WHAT THIS TASK INVOLVES: Using the data that follows, output only the lines from the line with "Waka Waka Contemporary" up to and including the line with "ARTLEO Ice Cube", exactly, leaving pictures aside.

DATA FOR THIS EXERCISE:

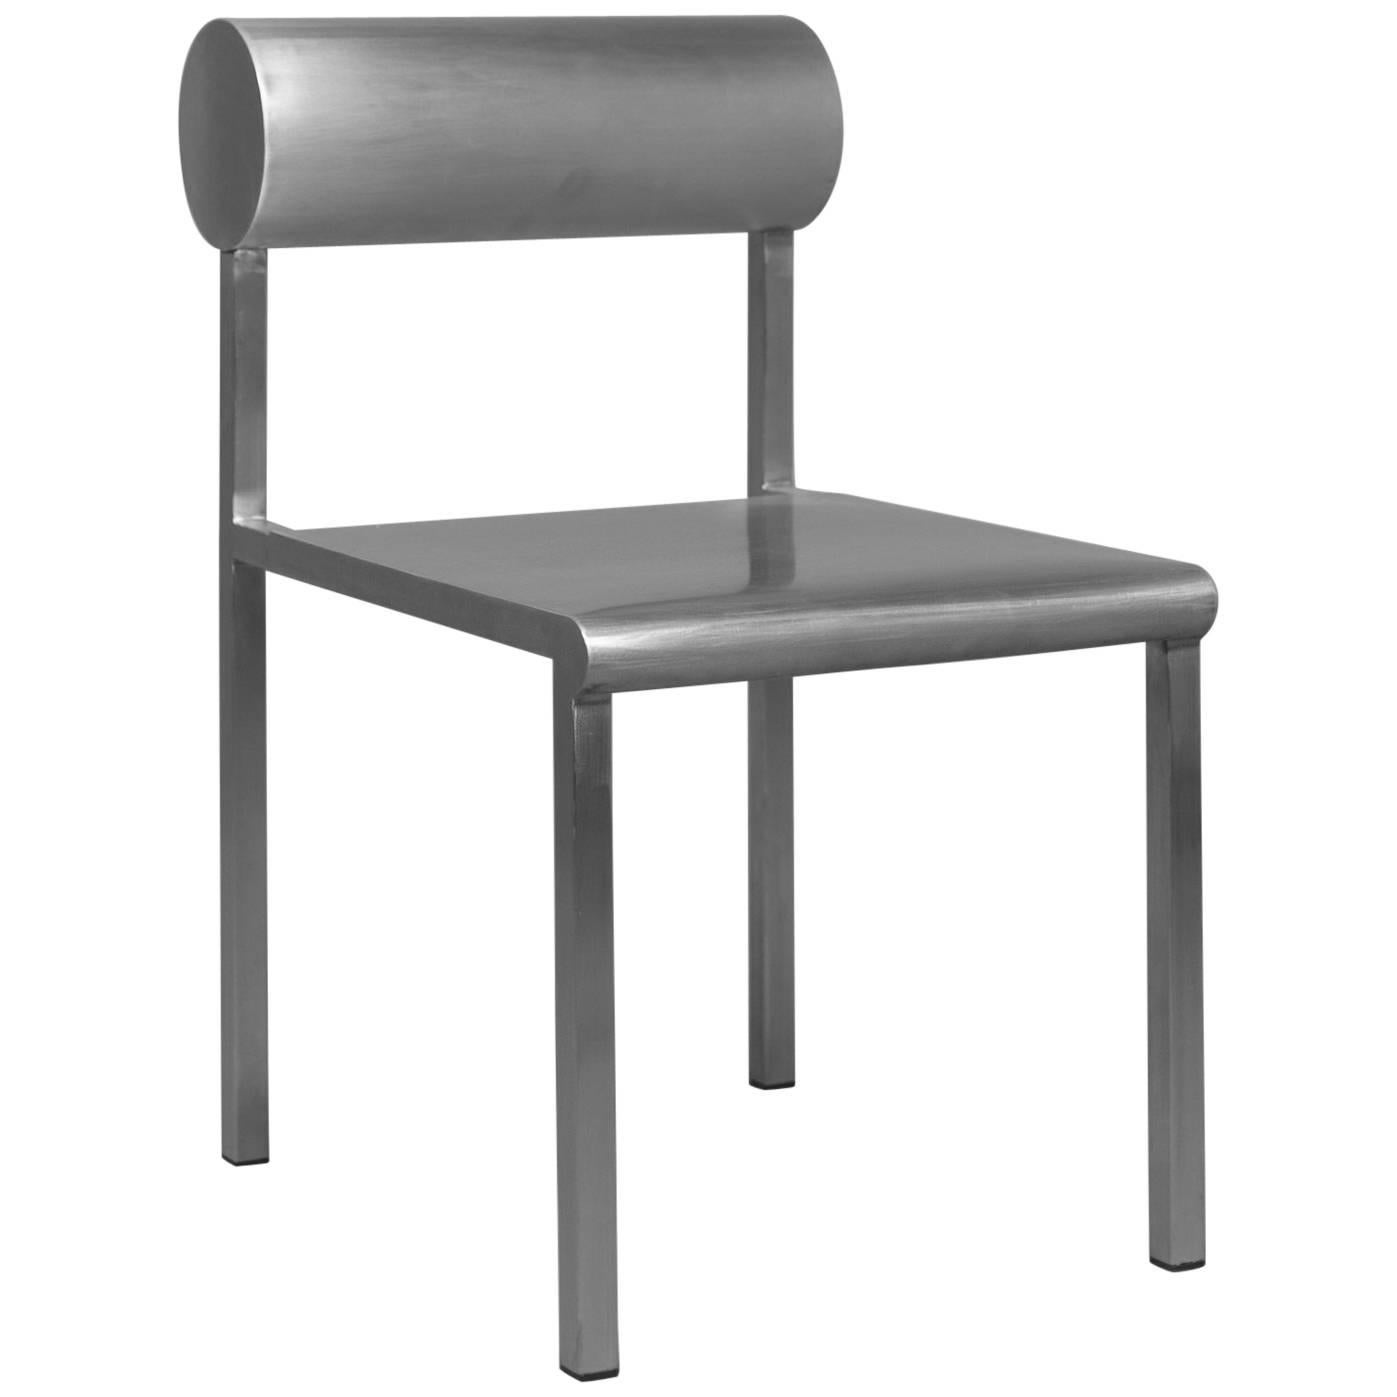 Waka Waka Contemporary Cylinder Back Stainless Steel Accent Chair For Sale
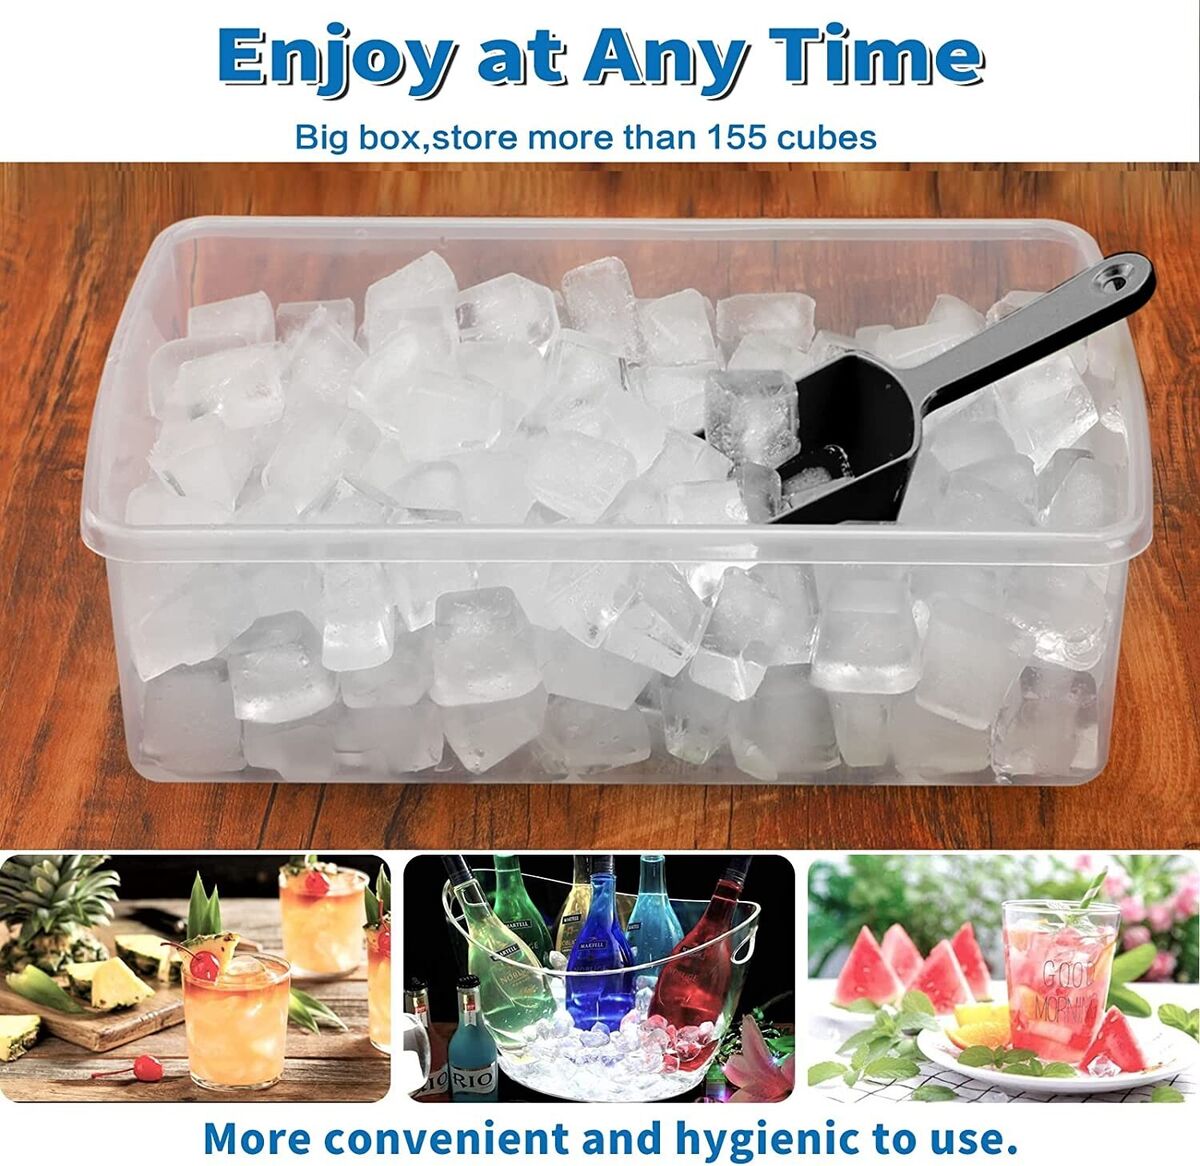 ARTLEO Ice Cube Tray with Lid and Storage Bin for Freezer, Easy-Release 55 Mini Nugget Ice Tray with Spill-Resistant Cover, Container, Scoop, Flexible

...

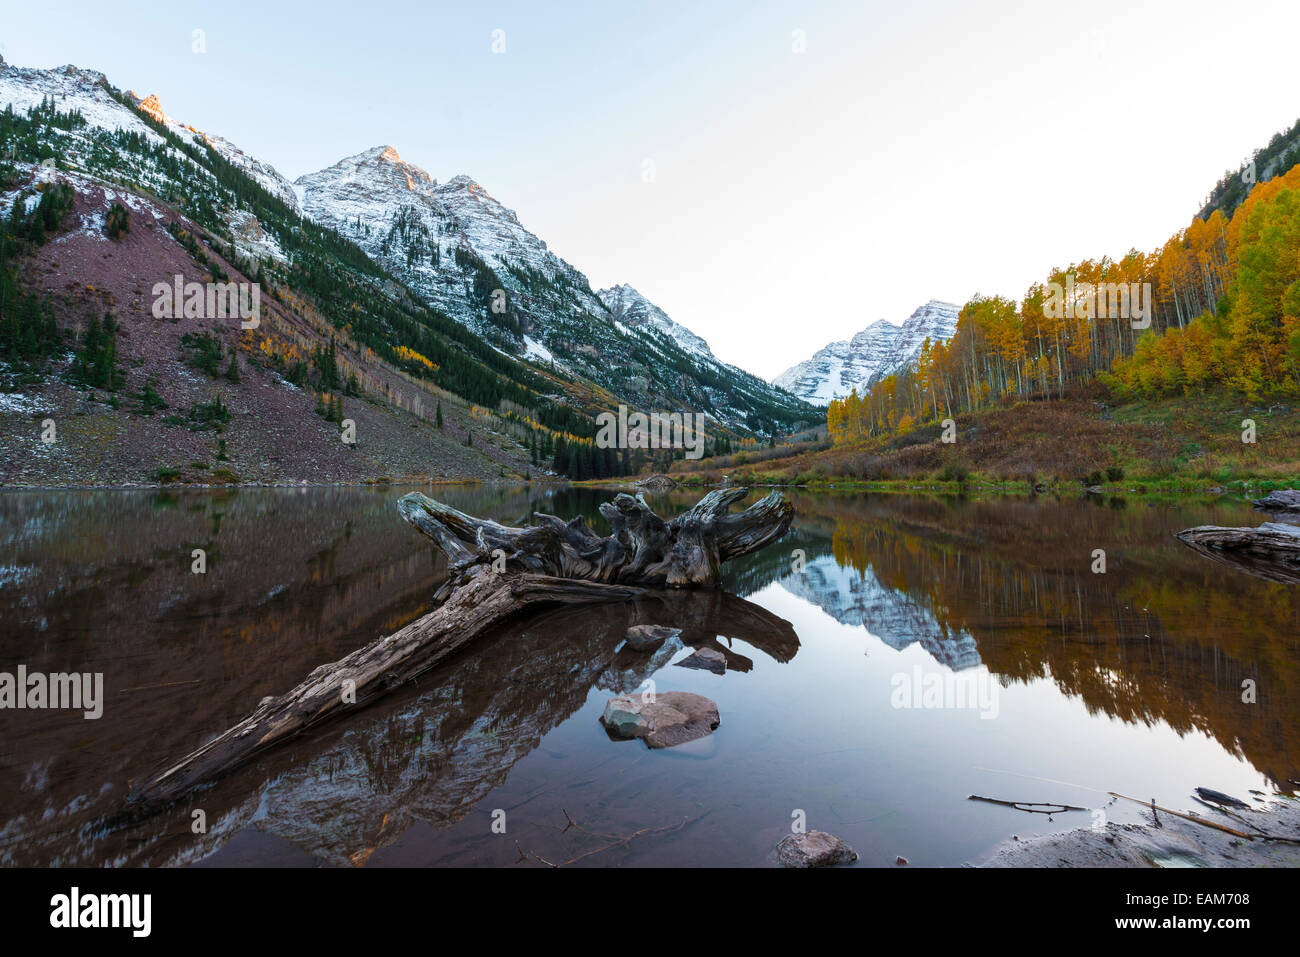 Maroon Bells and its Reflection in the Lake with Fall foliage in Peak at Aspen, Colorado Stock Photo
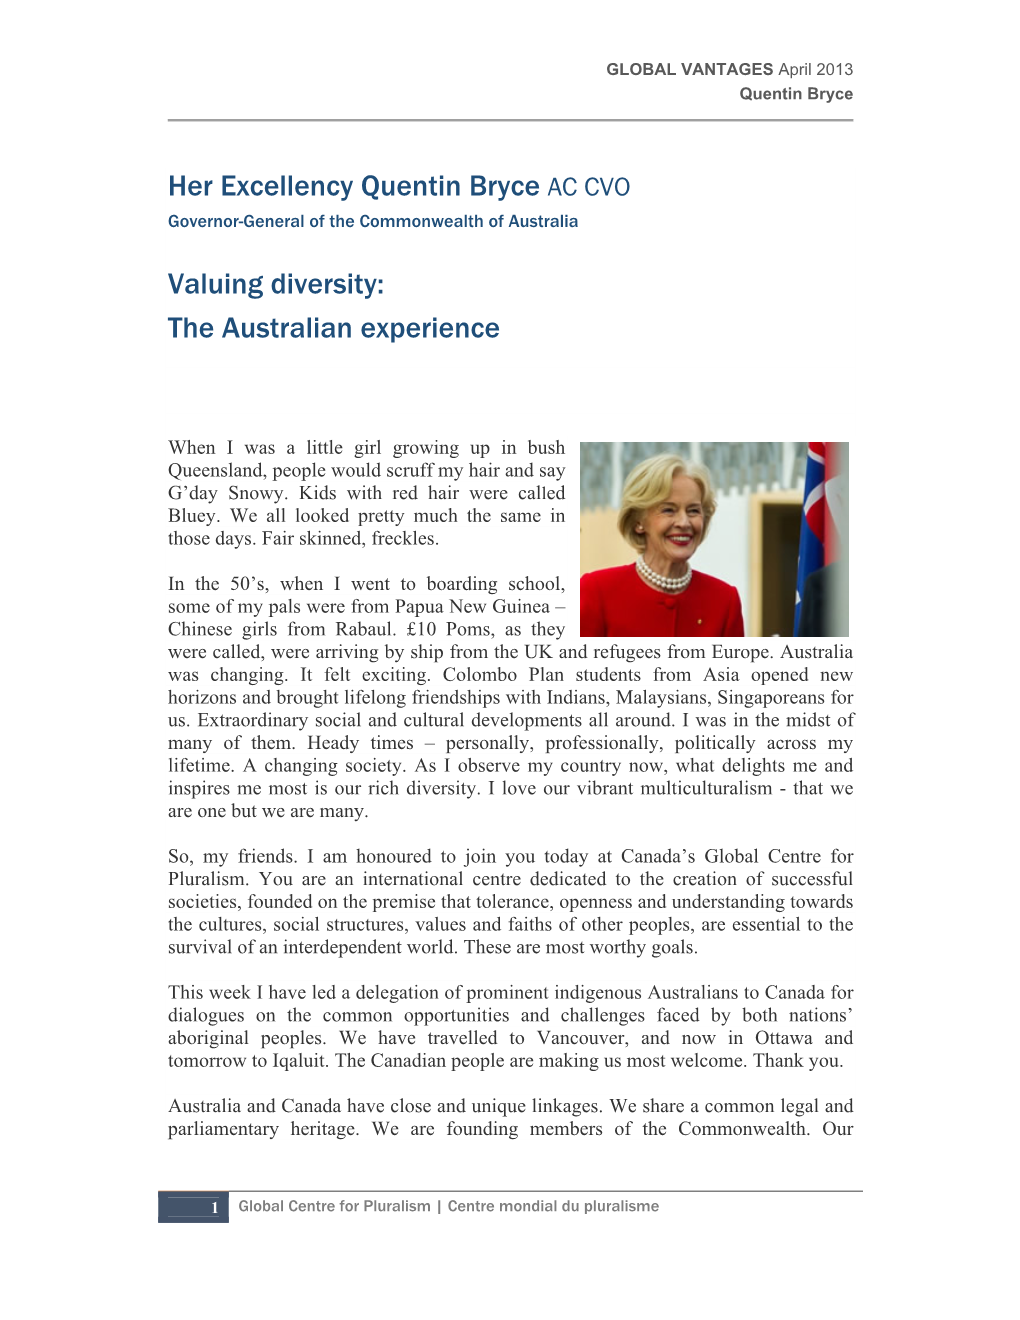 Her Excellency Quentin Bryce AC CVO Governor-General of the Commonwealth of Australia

ANSWER SECTION:
 Waka Waka Contemporary Cylinder Back Stainless Steel Accent Chair For Sale
 ARTLEO Ice Cube Tray with Lid and Storage Bin for Freezer, Easy-Release 55 Mini Nugget Ice Tray with Spill-Resistant Cover, Container, Scoop, Flexible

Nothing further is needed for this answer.